WHAT YOU ARE ASKED TO DO: Take from the entries below the stretch from the line with "Rapid freight solutions Churu to IIT Mumbai" through the line with "نکته خرید - قیمت", and return it exactly, leaving the pictures out.

DATASET ENTRIES:
****
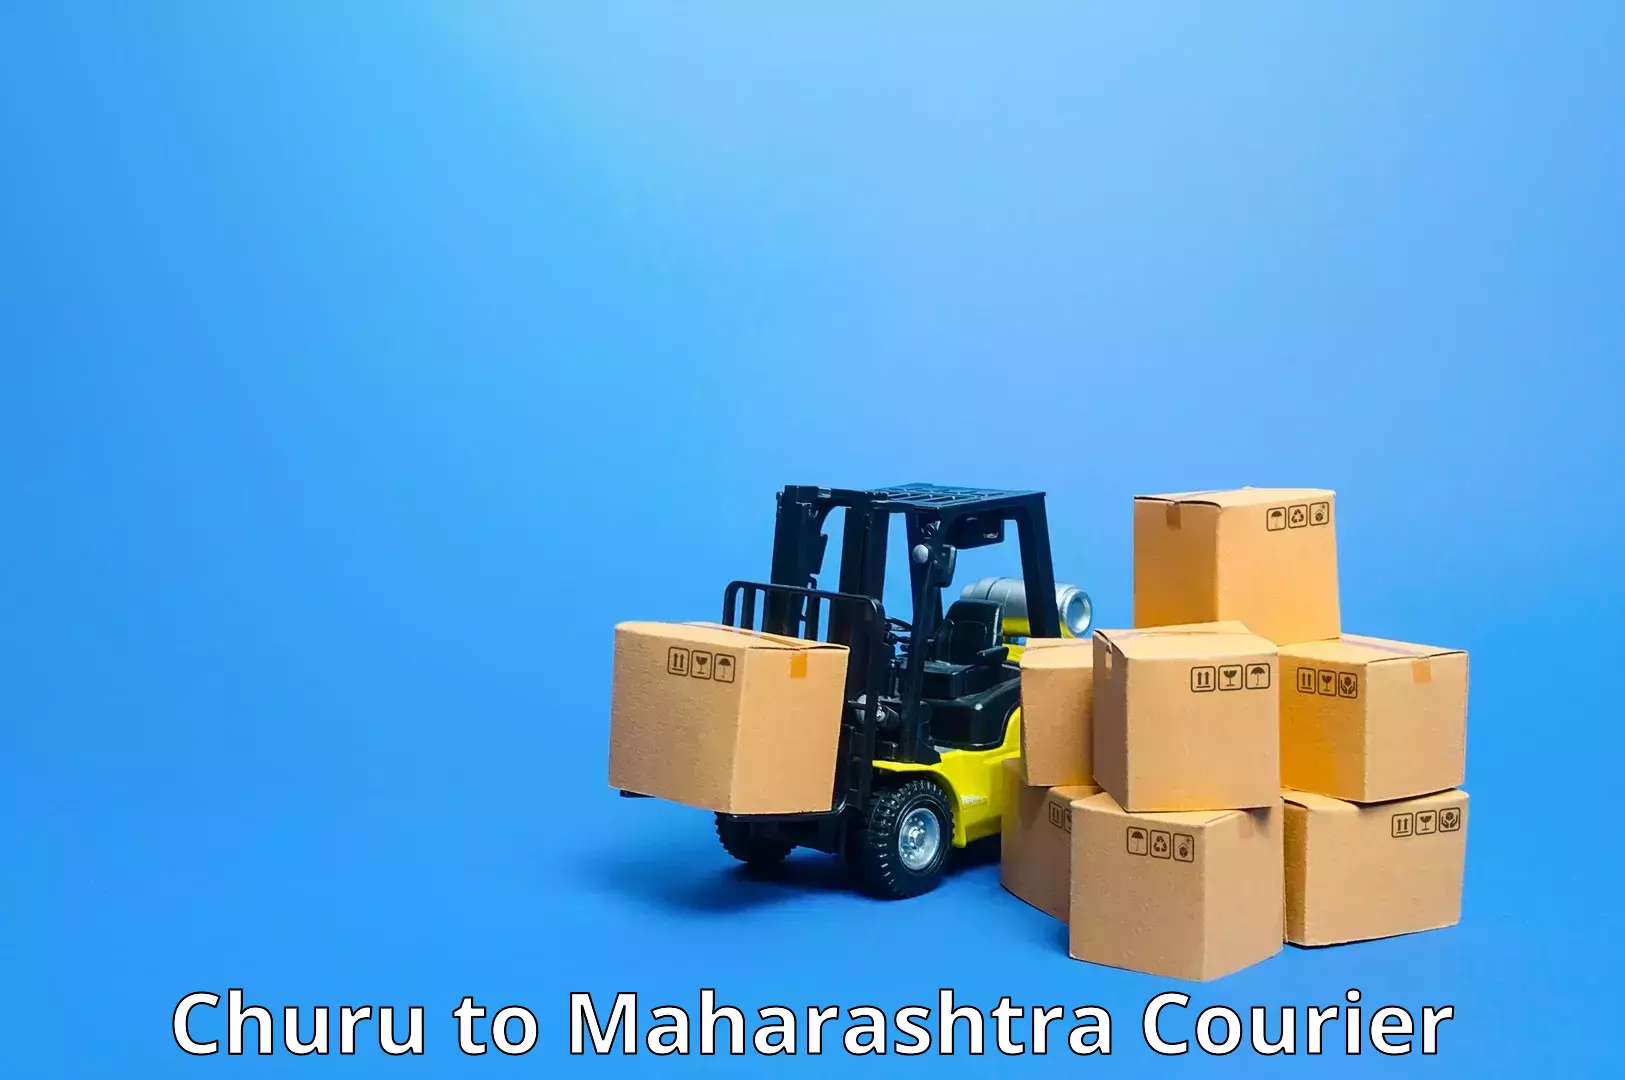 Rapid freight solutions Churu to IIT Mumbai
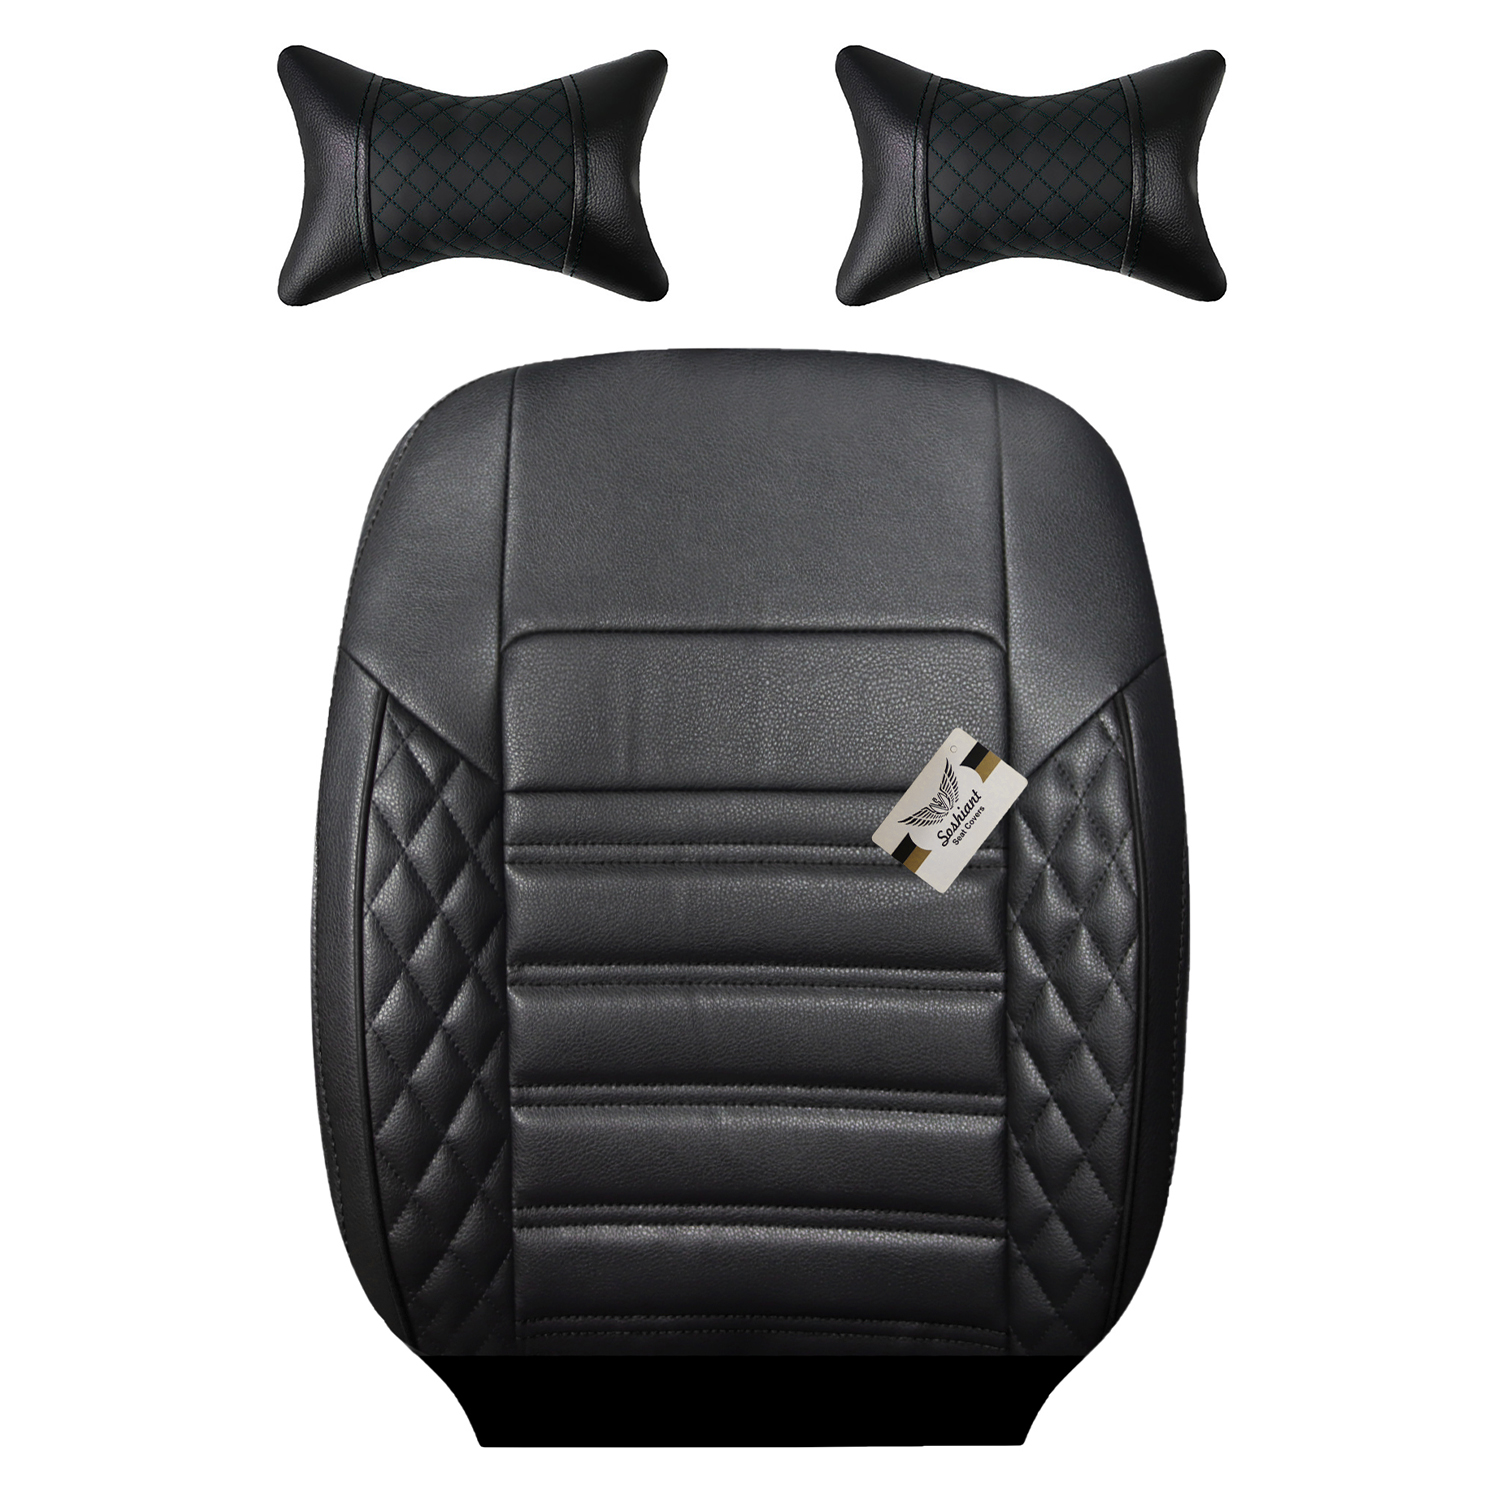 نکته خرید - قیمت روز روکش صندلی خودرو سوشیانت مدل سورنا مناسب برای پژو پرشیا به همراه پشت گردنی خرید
****
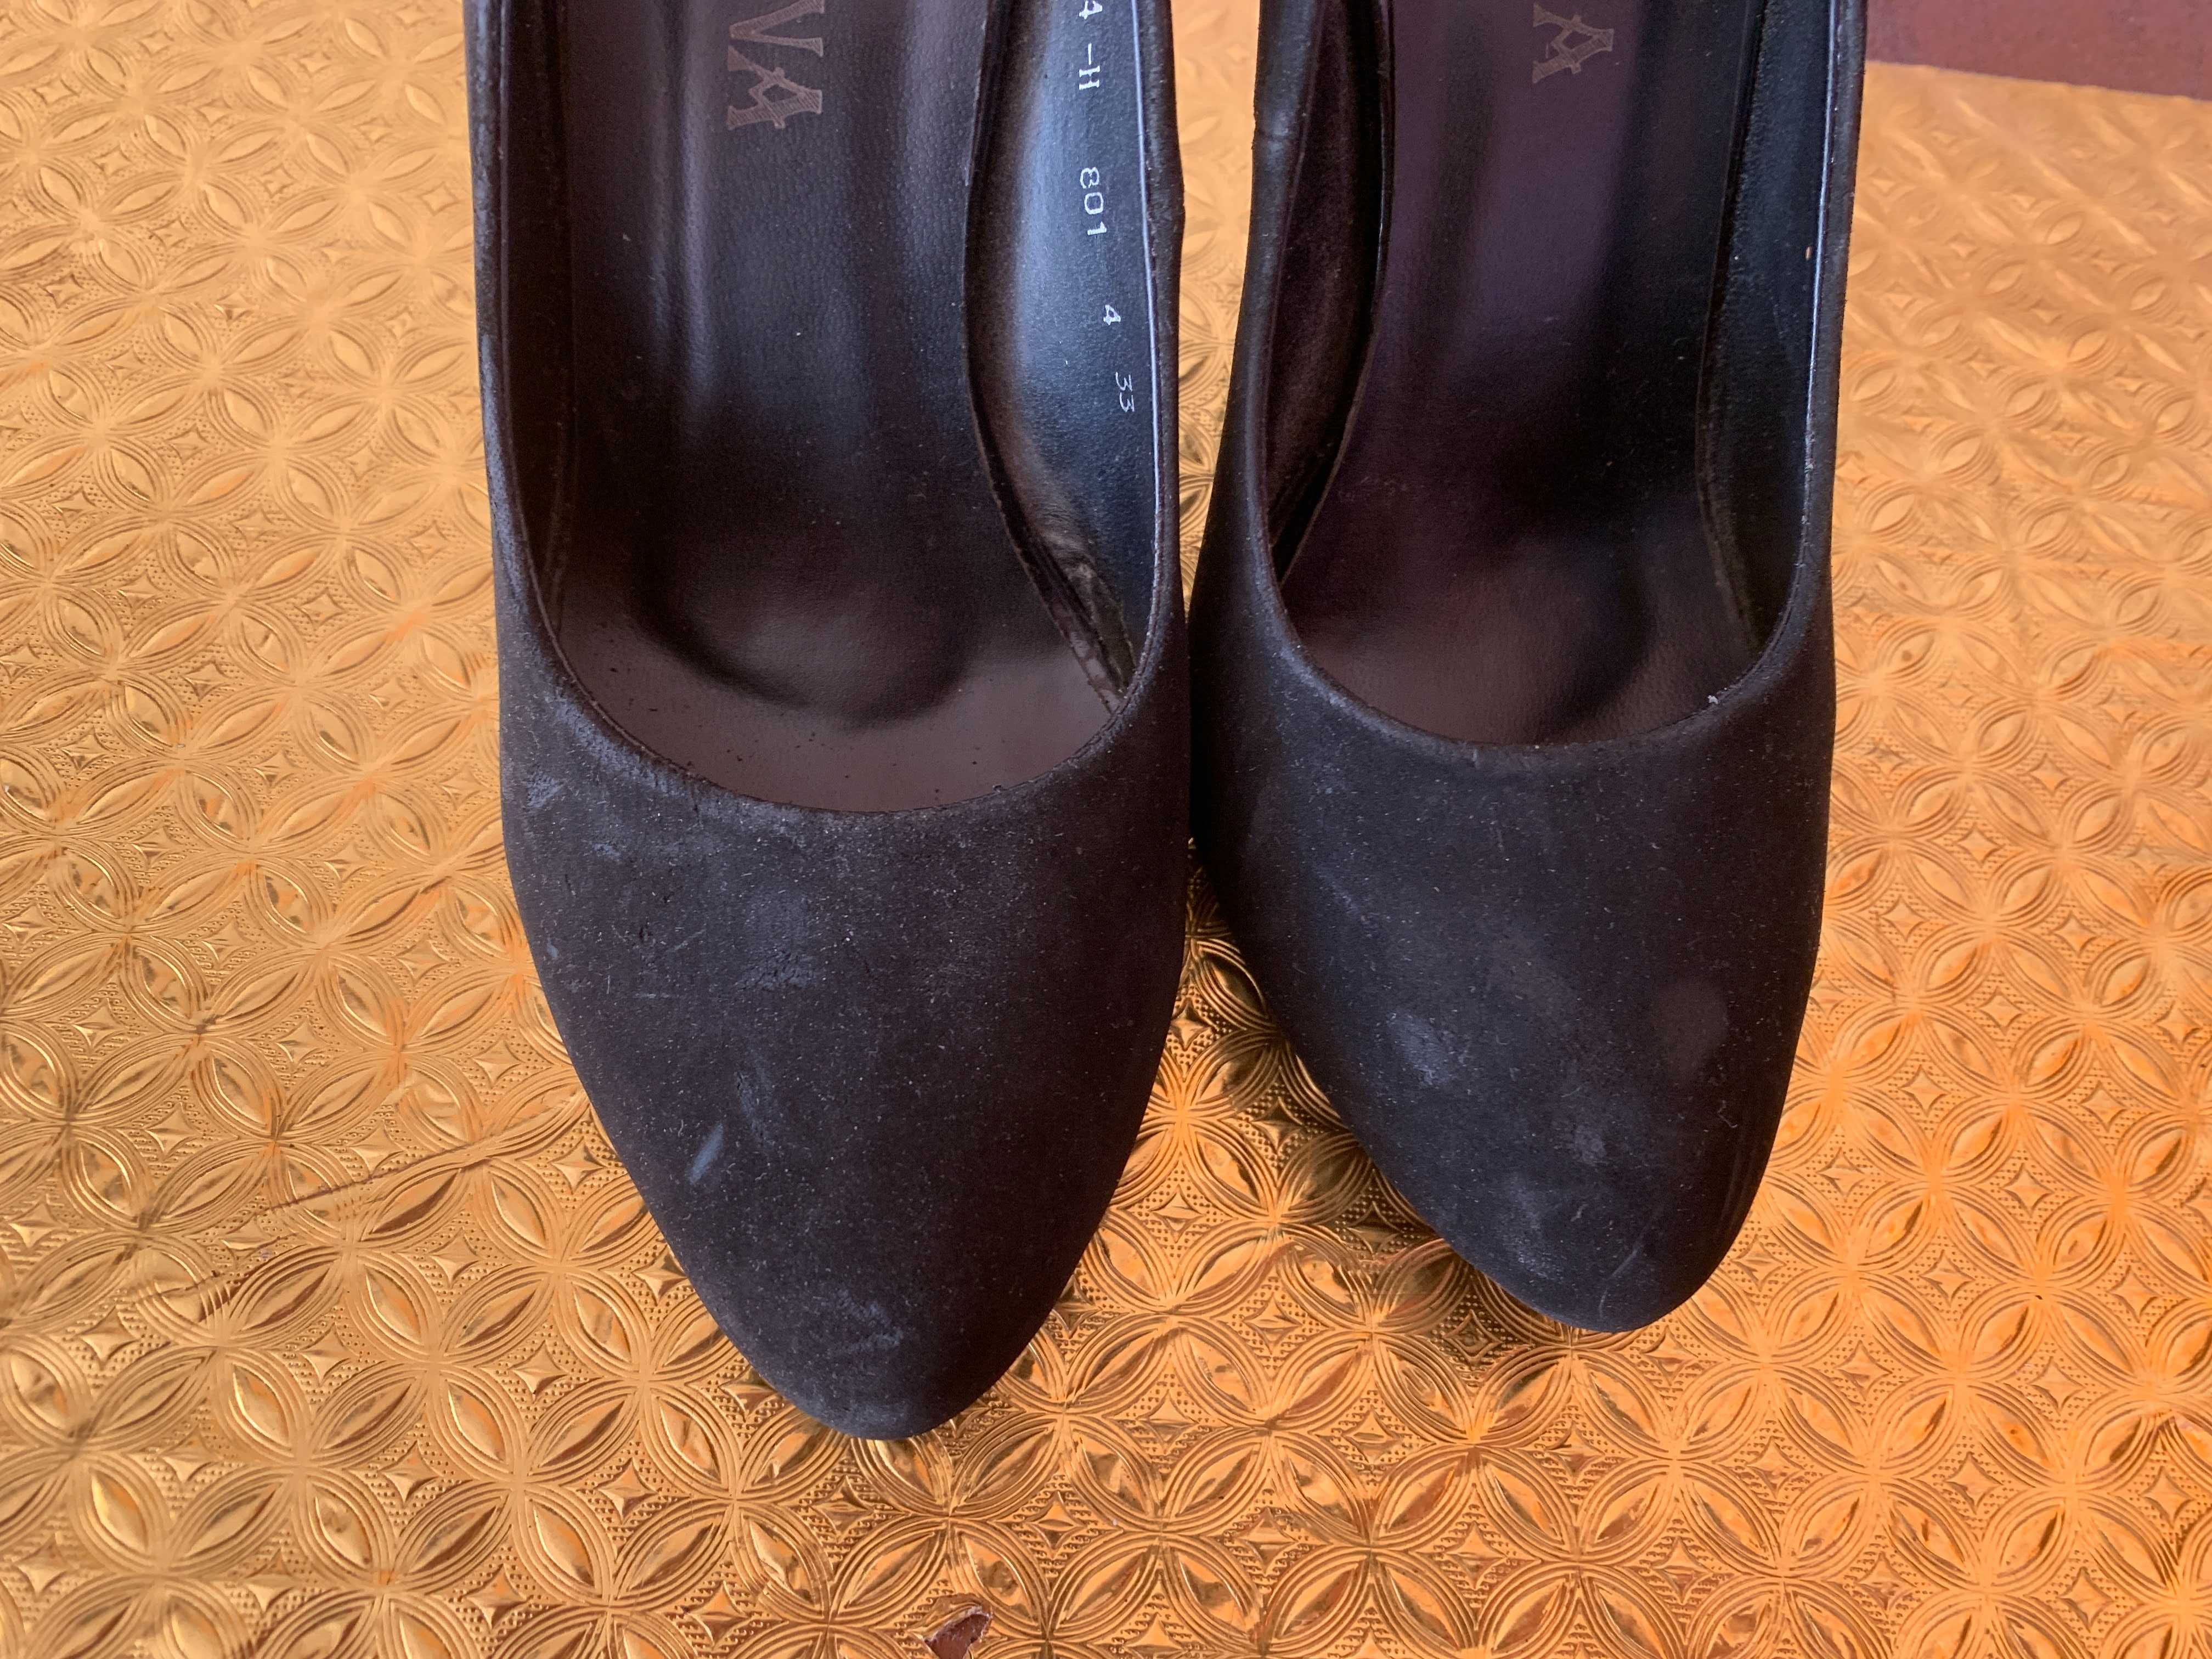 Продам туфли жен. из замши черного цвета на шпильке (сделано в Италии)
****
YOUR RESPONSE:
 Rapid freight solutions Churu to IIT Mumbai
 نکته خرید - قیمت روز روکش صندلی خودرو سوشیانت مدل سورنا مناسب برای پژو پرشیا به همراه پشت گردنی خرید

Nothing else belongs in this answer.